Tell me what Im not getting about SSH login using public key. This is the situation: An organization has sent me their public key, username and IP address and says to use this to connect to their SSH server.

I've always been under the impression that when I receive a public key from someone, it is to allow THEM to remotely login to my server without a password by adding that key to .ssh/authorized_keys, not the other way around that the Organization is proposing.

What am I not getting?

----------

## dattaway3

put the key into your .ssh/id_rsa

ssh <ip_address>

and you are logged in

that's it!

----------

## petrjanda

 *dattaway3 wrote:*   

> put the key into your .ssh/id_rsa
> 
> ssh <ip_address>
> 
> and you are logged in
> ...

 

I've done that, its still asking me for password.

----------

## Hu

 *petrjanda wrote:*   

> Tell me what Im not getting about SSH login using public key. This is the situation: An organization has sent me their public key, username and IP address and says to use this to connect to their SSH server.
> 
> I've always been under the impression that when I receive a public key from someone, it is to allow THEM to remotely login to my server without a password by adding that key to .ssh/authorized_keys, not the other way around that the Organization is proposing.

 Right.

 *petrjanda wrote:*   

> What am I not getting?

 Access to their network.  You must send them your public key and have them place it on their server to let you in.

 *dattaway3 wrote:*   

> put the key into your .ssh/id_rsa
> 
> ssh <ip_address>
> 
> and you are logged in
> ...

 They sent him a public key.  Assuming they called it correctly, it would go in authorized_keys and allow them to connect to him.

----------

## phajdan.jr

 *petrjanda wrote:*   

> Tell me what Im not getting about SSH login using public key. This is the situation: An organization has sent me their public key, username and IP address and says to use this to connect to their SSH server.

 

Something seems wrong here. I think you should give them your public key and they should add it to their authorized keys.

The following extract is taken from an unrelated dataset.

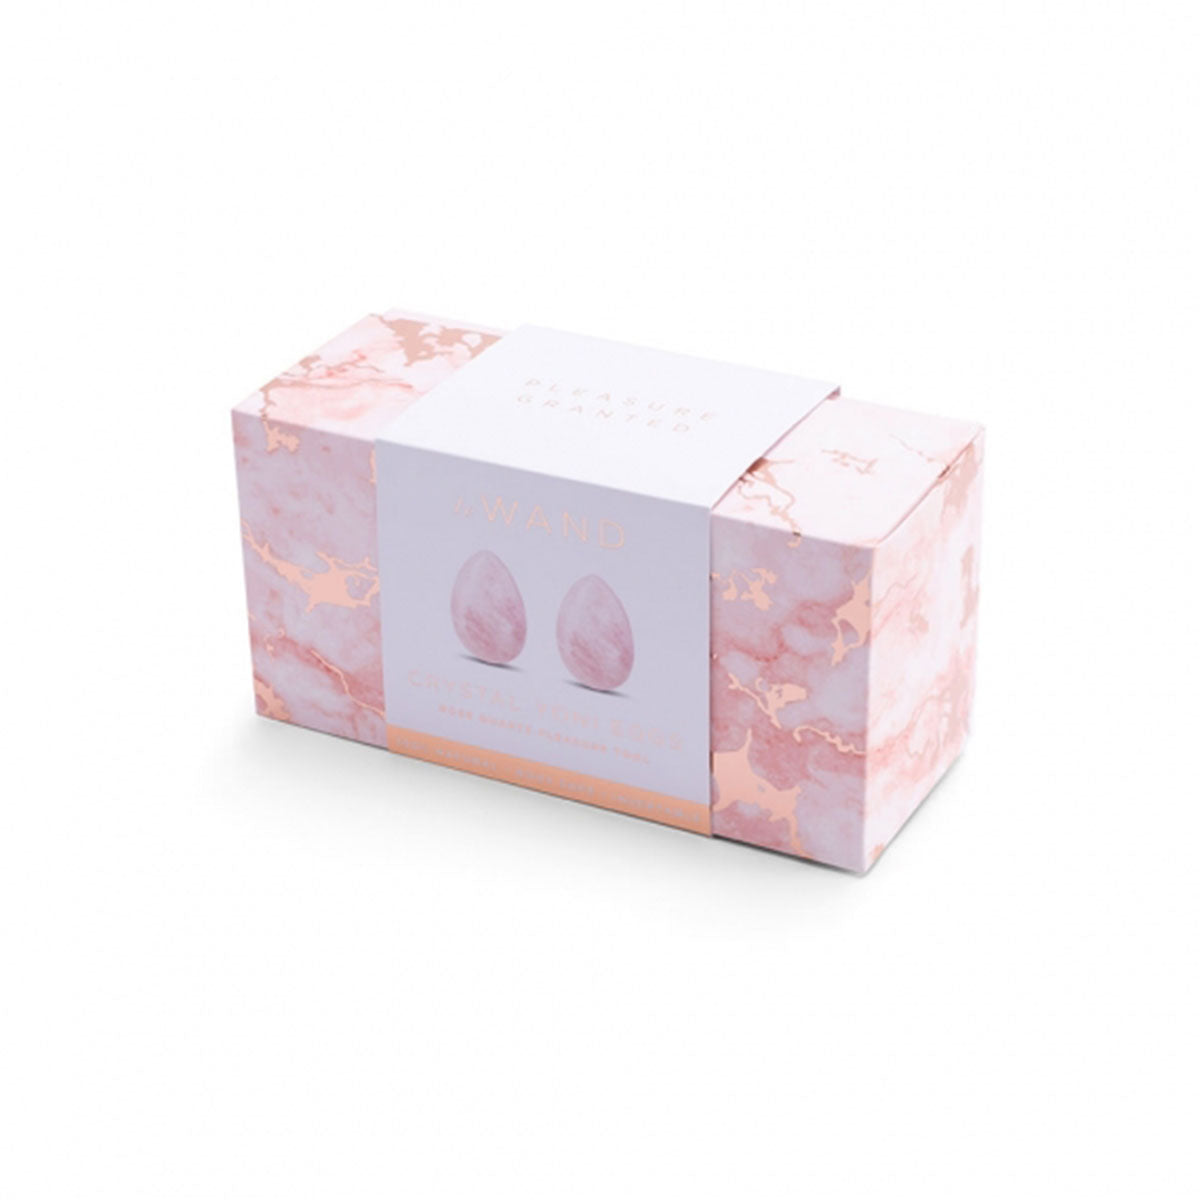 Le Wand Crystal Yoni Eggs - Rose Quartz Intimates Adult Boutique
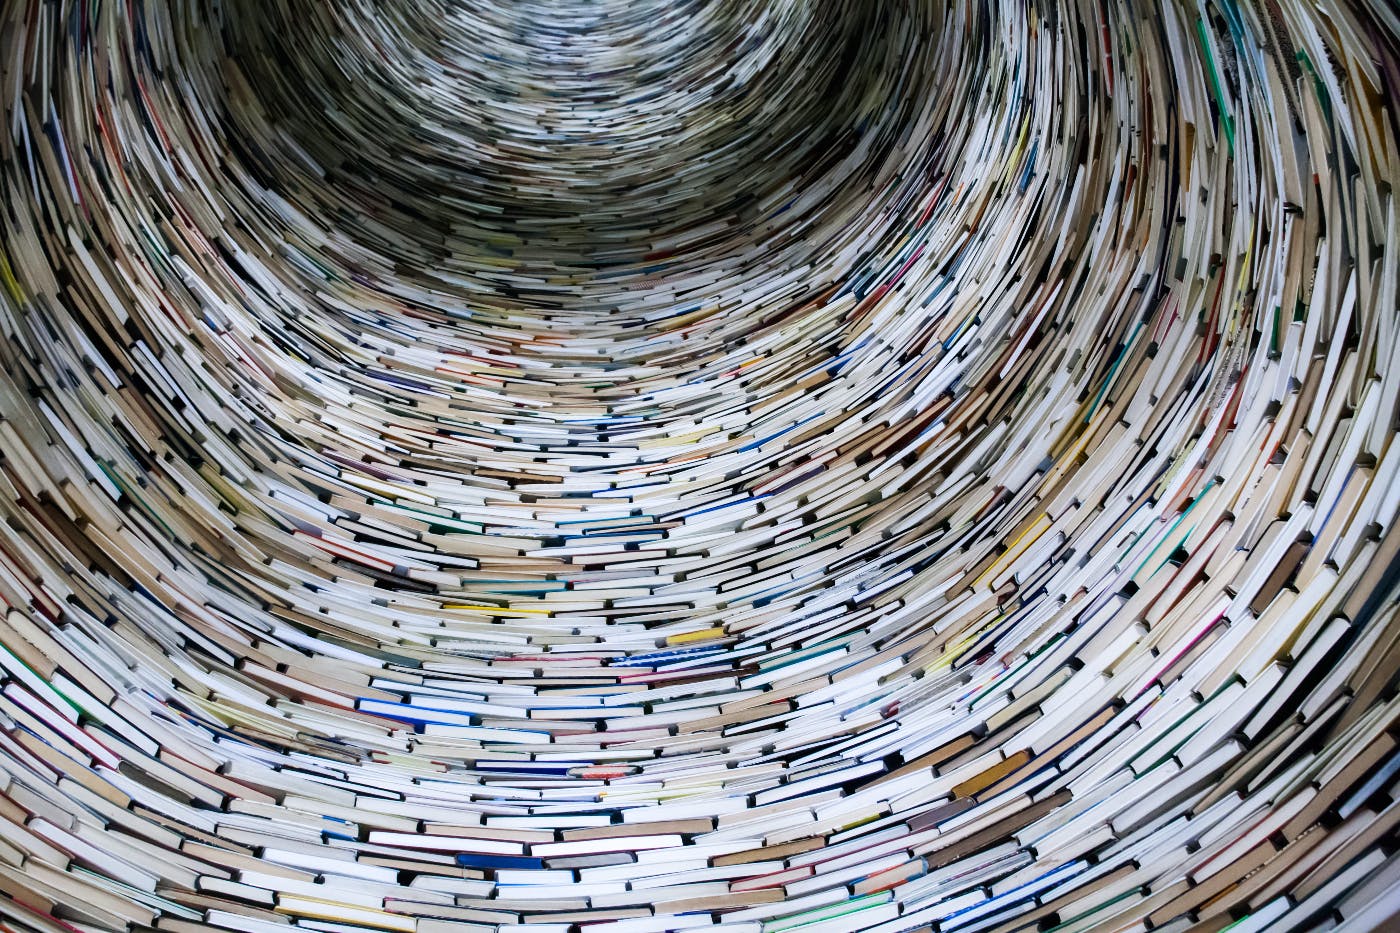 a vortex of books

Note that another option that could be considered here is that they give you a private key to use with their server. This is wrong however, as now there is more than one person that knows your private key.

 *petrjanda wrote:*   

> I've always been under the impression that when I receive a public key from someone, it is to allow THEM to remotely login to my server without a password by adding that key to .ssh/authorized_keys, not the other way around that the Organization is proposing.

 

Your concern makes sense. Either there is some misunderstanding there (unlikely), or they are really doing it wrong.

----------